The Harmonized System (HS) Code for Azithromycin Dihydrate as a chemical substance mostly falls under 2941.90, classified for antibiotics but subject to national subdivisions and controls. Import-export rules stress product identification, purity, batch origin, and intended use in pharmaceutical manufacture. Labeling requirements direct hazard communication and safe transport. The safety data sheet (SDS) will flag the need for careful handling, even though the powder is less volatile than many industrial chemicals.

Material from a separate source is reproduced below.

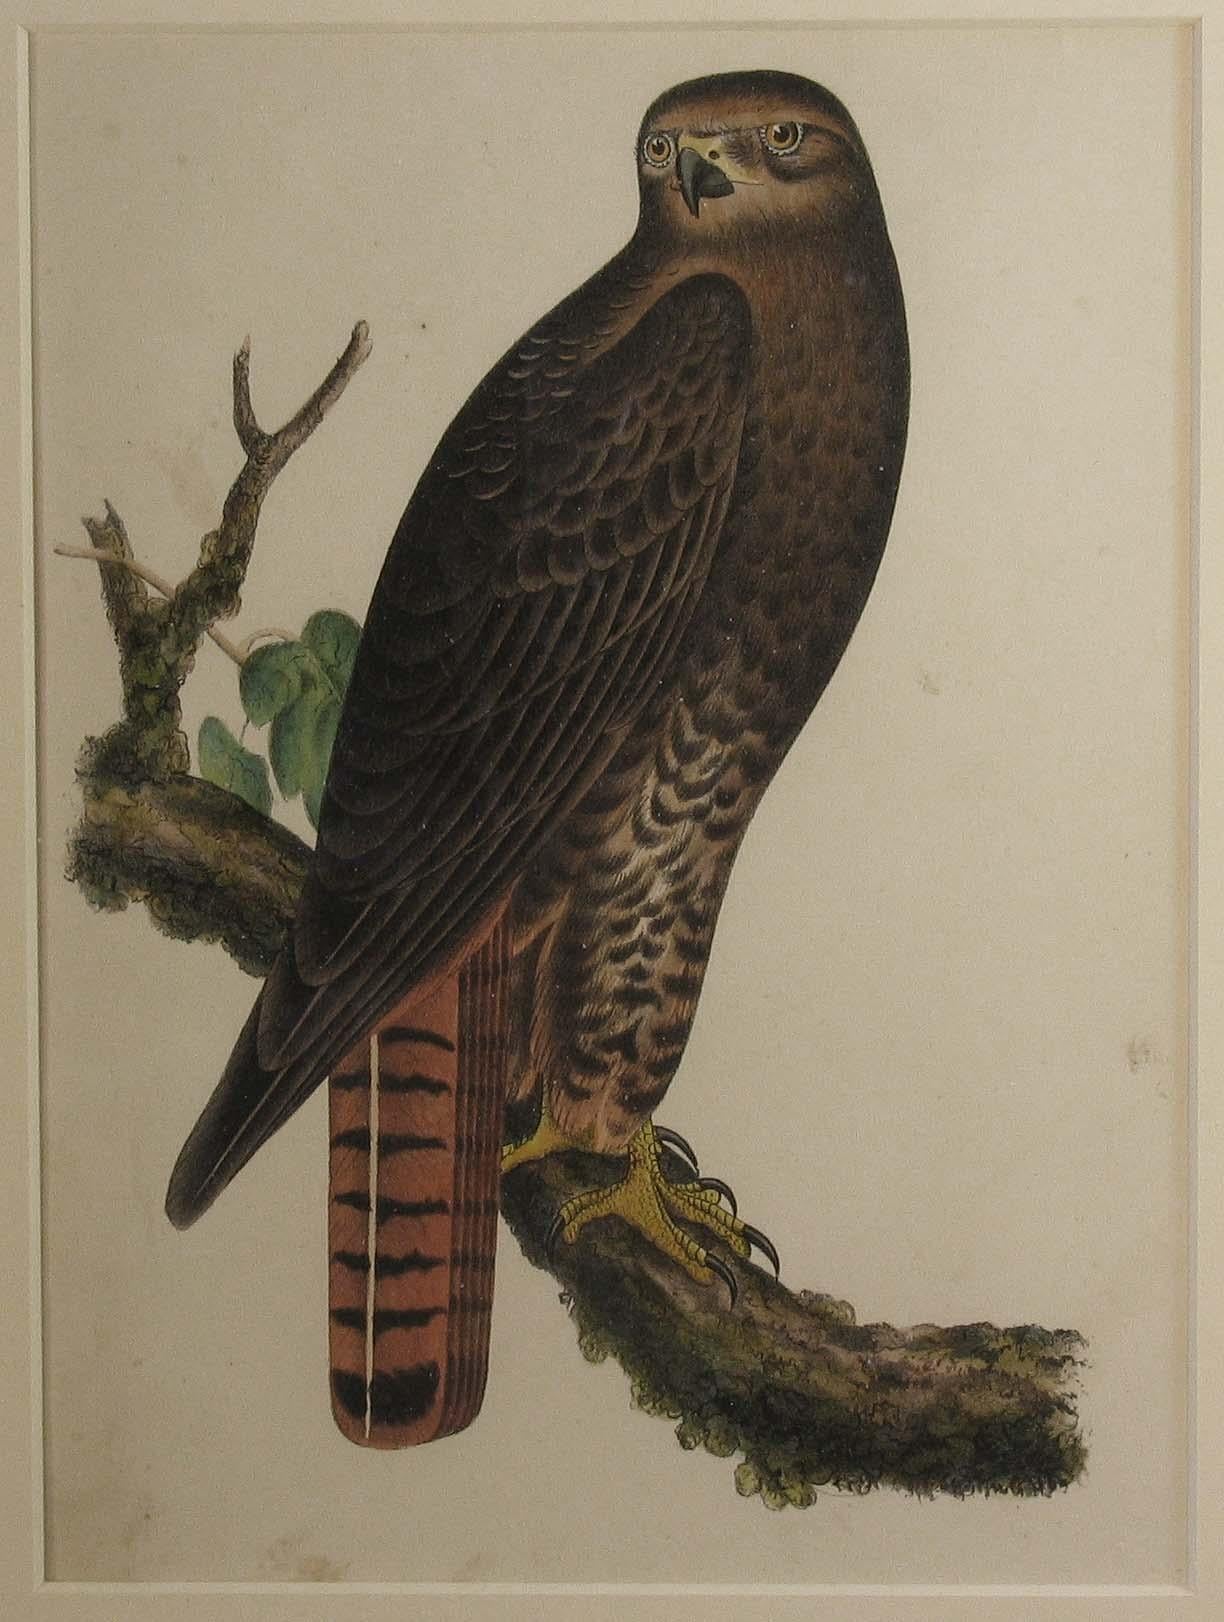 Paper Four Hand Colored Lithographs of Birds of Prey, circa 1859

Azithromycin Dihydrate rates as both a safe medicine and a regulated chemical raw material. Exposure at manufacturing scale sometimes brings minor health risks if mishandled—a dust cloud can cause eye, skin, or respiratory irritation. Chronic exposure, though rare in non-pharmaceutical settings, can lead to allergic or immune reactions in sensitive people. Pharmaceutical-grade product usually avoids contamination with persistent organic pollutants or heavy metals, but strict adherence to Occupational Safety and Health Administration (OSHA) rules and pharmaceutical good manufacturing practice (GMP) is expected during its storage and handling. Spills should be swept up gently, with breathing protection and gloves to prevent direct contact. Waste from this substance cannot just hit the regular trash—environmental controls require disposal as pharmaceutical or laboratory waste, following national and local regulations.

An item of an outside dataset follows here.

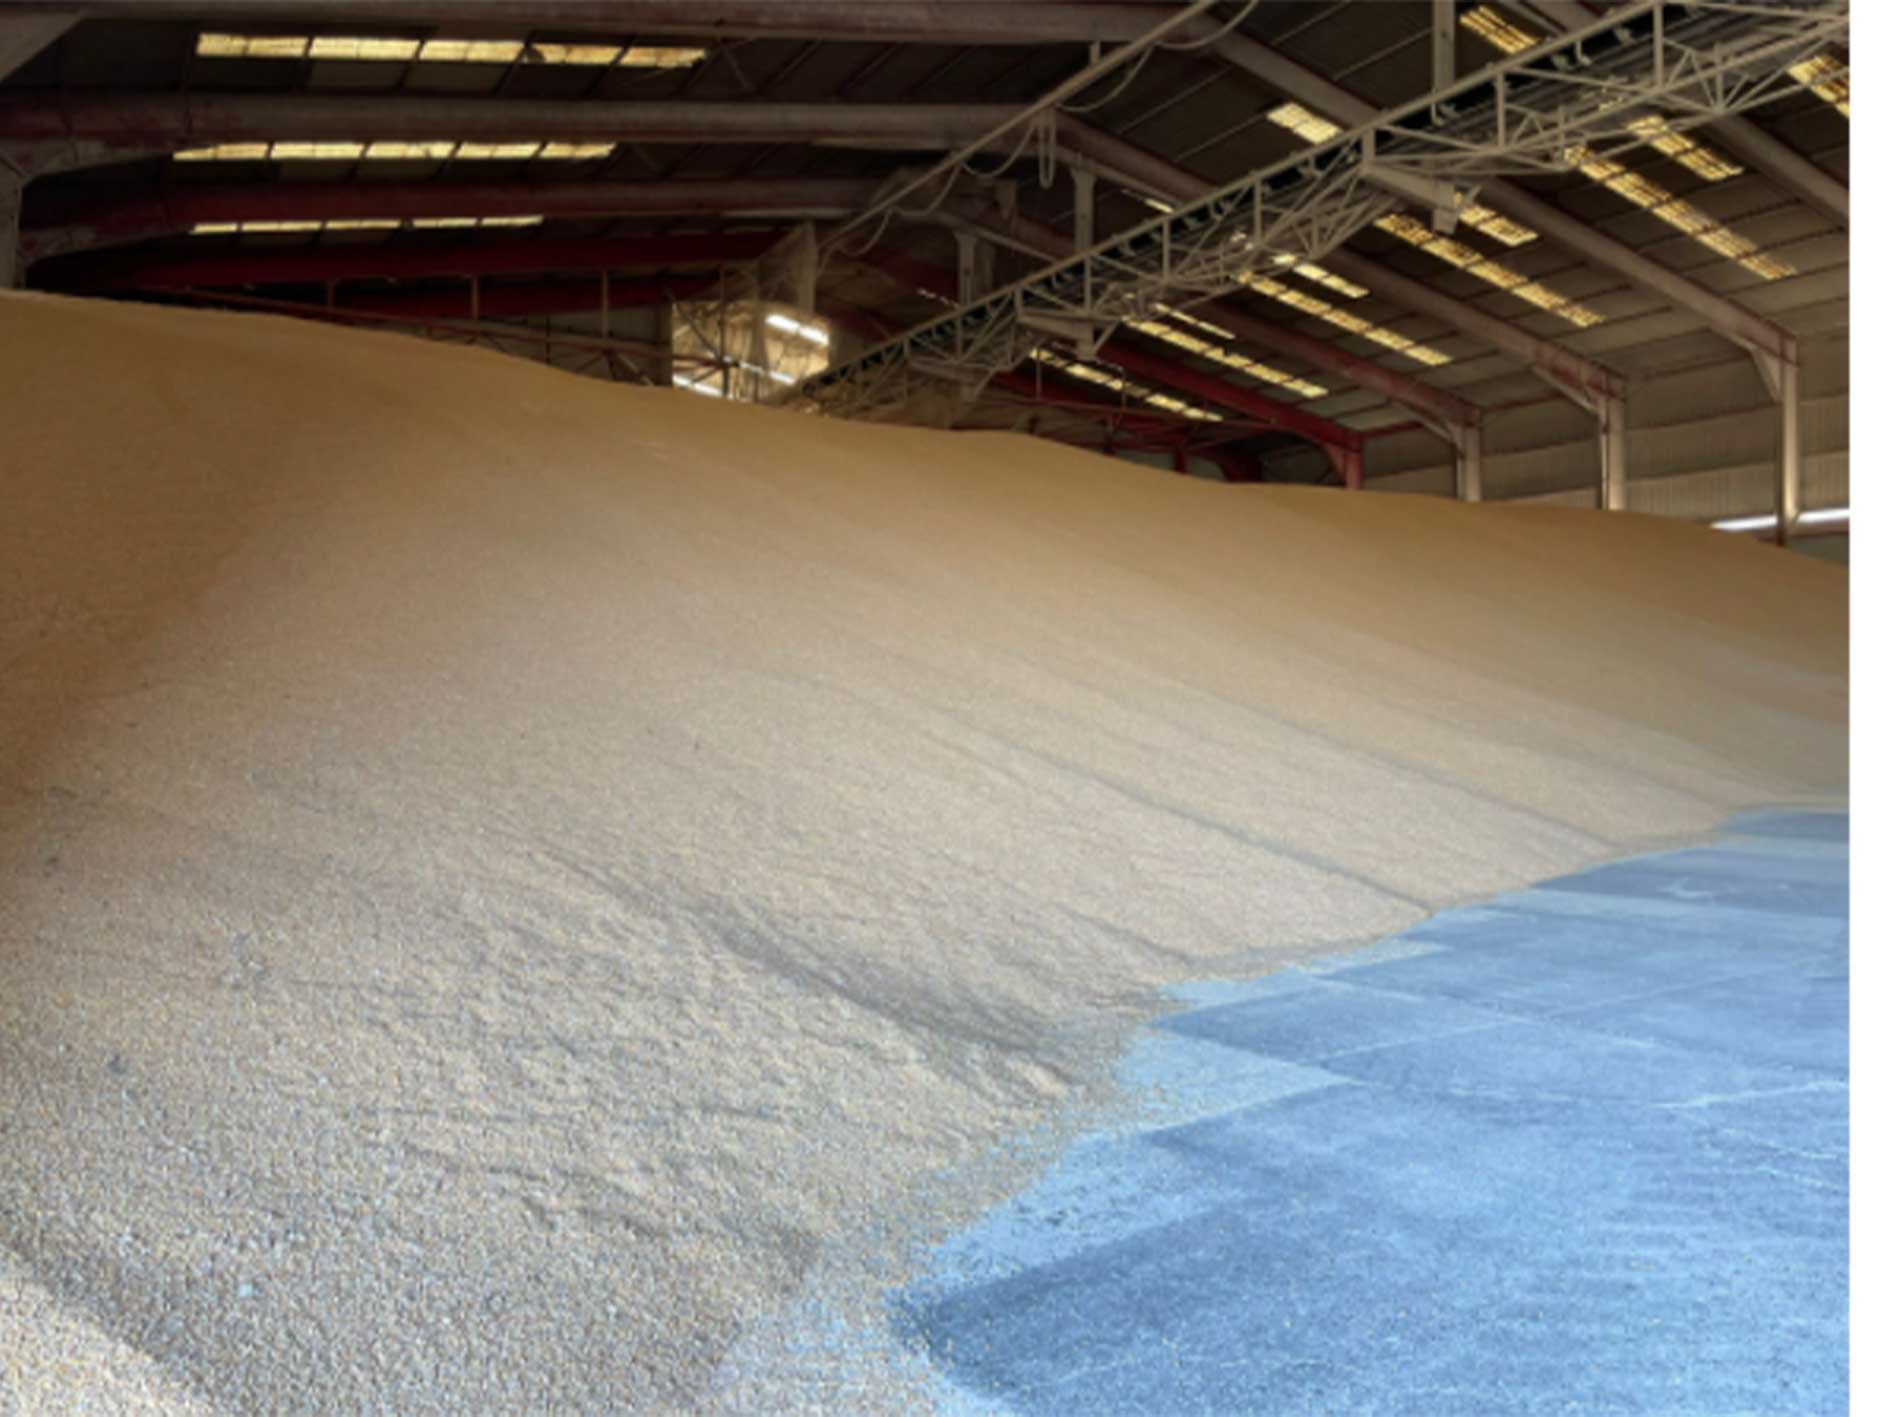 Ukraine unloads first corn shipment on foreign soil

As a raw material, Azithromycin Dihydrate pulls its weight at the front lines of antibiotic production. Pharmaceutical companies prize its stability and storage properties, as many other antibiotics break down faster under the same conditions. Doctors prescribe azithromycin to treat bacterial infections resistant to more common agents, so reliable, pure, stable raw material translates directly into successful patient treatment. The compound slips into dose forms like tablets, capsules, oral suspensions, or injections after blending and granulation with excipients. Supplied as a dry solid, it remains potent over long shelf lives, supporting global logistics and wide distribution. Attention to maintaining strict, reproducible physical properties keeps patients, regulators, and manufacturers satisfied that every batch can do the job promised.
Secure supply chains for raw azithromycin help avoid shortages faced during global health crises. Partnerships with certified manufacturers, frequent audits, and transparency in sourcing raw ingredients reduce the risk of adulterated or impure chemicals entering the market. Improving personal protective equipment and engineering controls in manufacturing sites reduces the risks of dust exposure and accidental inhalation for workers. Clear and complete safety documentation, with real-world training for staff, turns handling from a rote compliance task to an effective safeguard. Sustainable practices, such as minimizing production waste and recycling packaging, make the process safer for both people and the environment. Research into alternative forms—such as more water-soluble salts—may make the compound easier to handle in regions with less access to high-end processing equipment.